BCL10 and MALT1 proteins form high molecular weight oligomers and only these oligomeric forms can activate IKK in vitro (Sun et al. 2004). BCL10 proteins form homo-oligomers through CARD-CARD interactions whereas in MALT1 the tandem Ig-like domains naturally form oligomers with a tendency towards dimers and tetramers (Dong et al. 2006, Quiu & Dhe-Paganon 2011).
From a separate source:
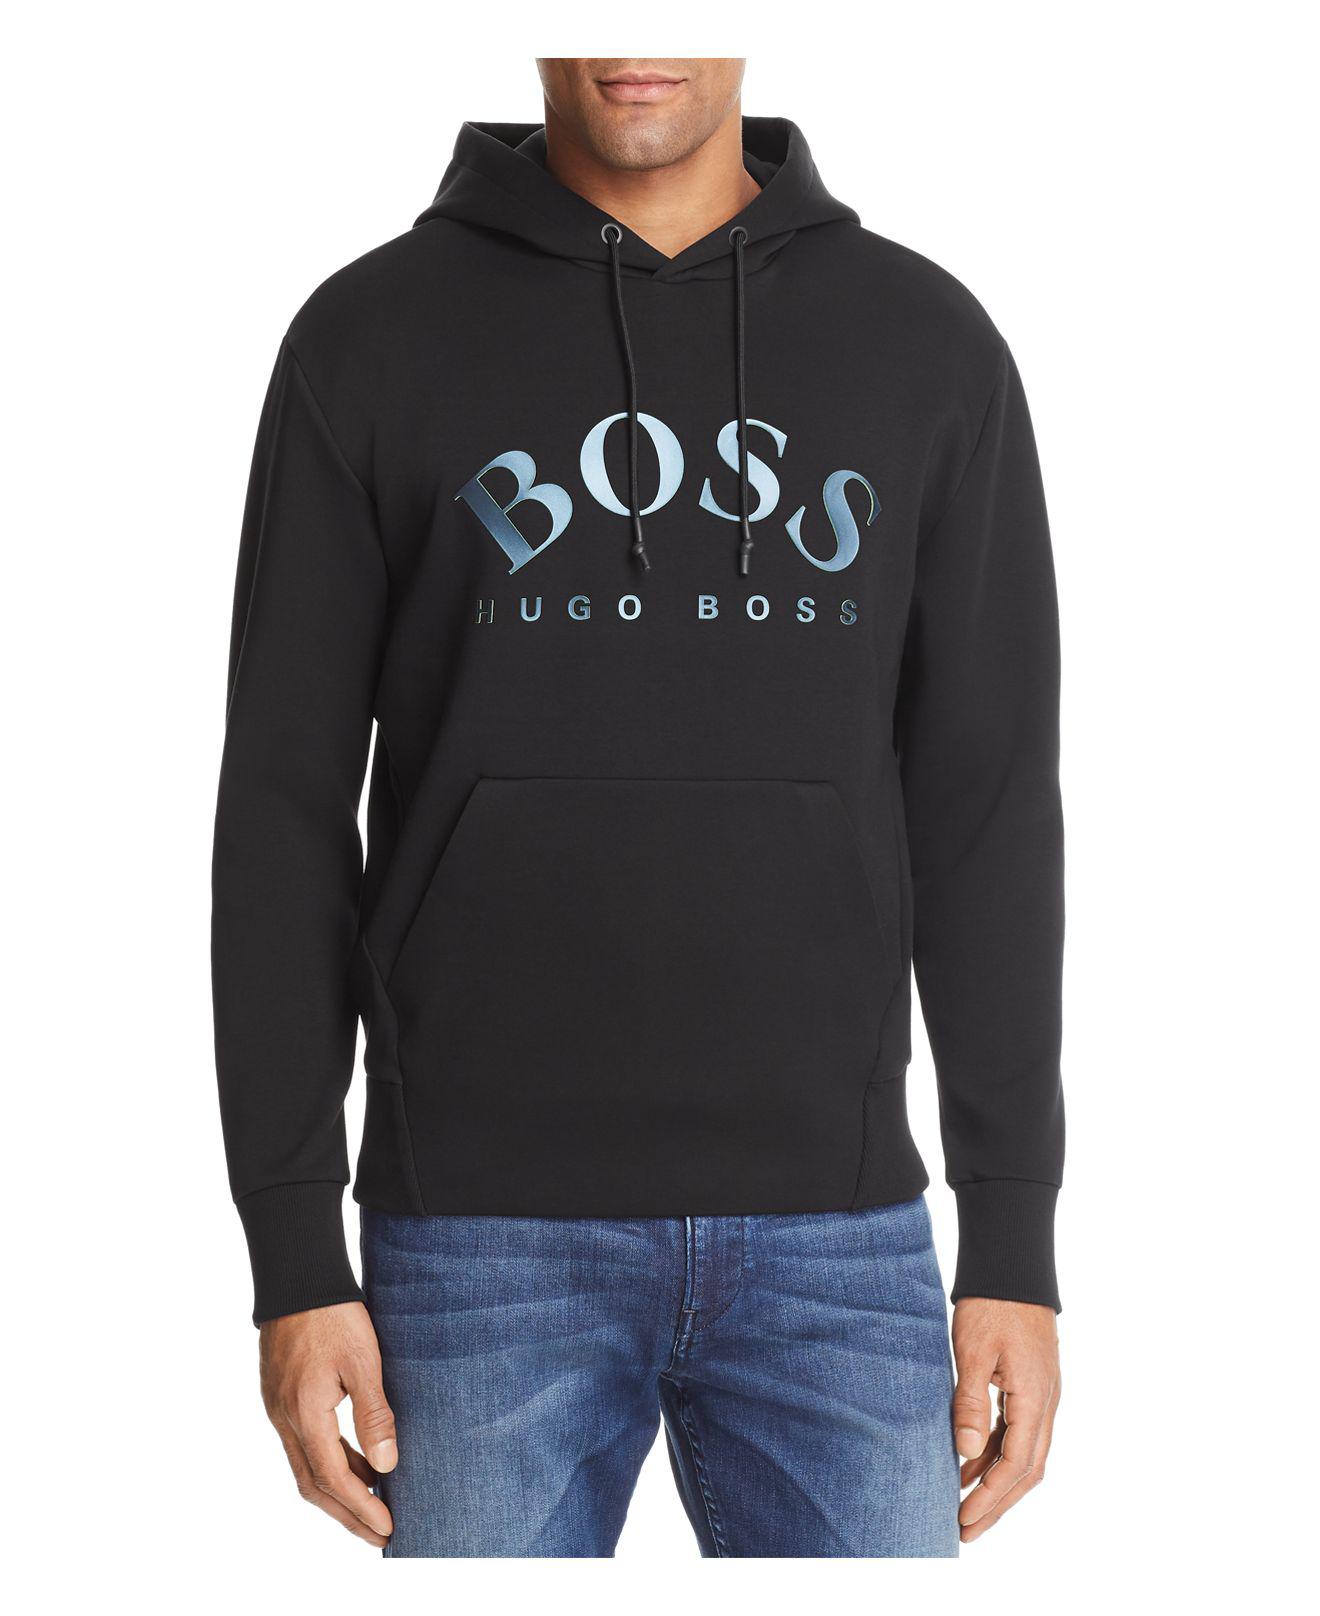 mens boss hoodie

These CBM oligomers provides the molecular platform, which can facilitate dimerization or serve as scaffolds on which proteases and kinases involved in NF-kB activation are assembled and activated.

BCL10与MALT1蛋白形成高分子量寡聚体，且仅这些寡聚形态能够体外激活IKK（Sun等，2004年）。BCL10蛋白通过CARD-CARD相互作用形成同源寡聚体，而MALT1中的串联Ig样结构域自然形成寡聚体，倾向于形成二聚体和四聚体（Dong等，2006年，Qiu与Dhe-Paganon，2011年）。这些CBM寡聚体提供了分子平台，该平台可促进二聚化或作为组装和激活参与NF-kB激活的蛋白酶和激酶的支架。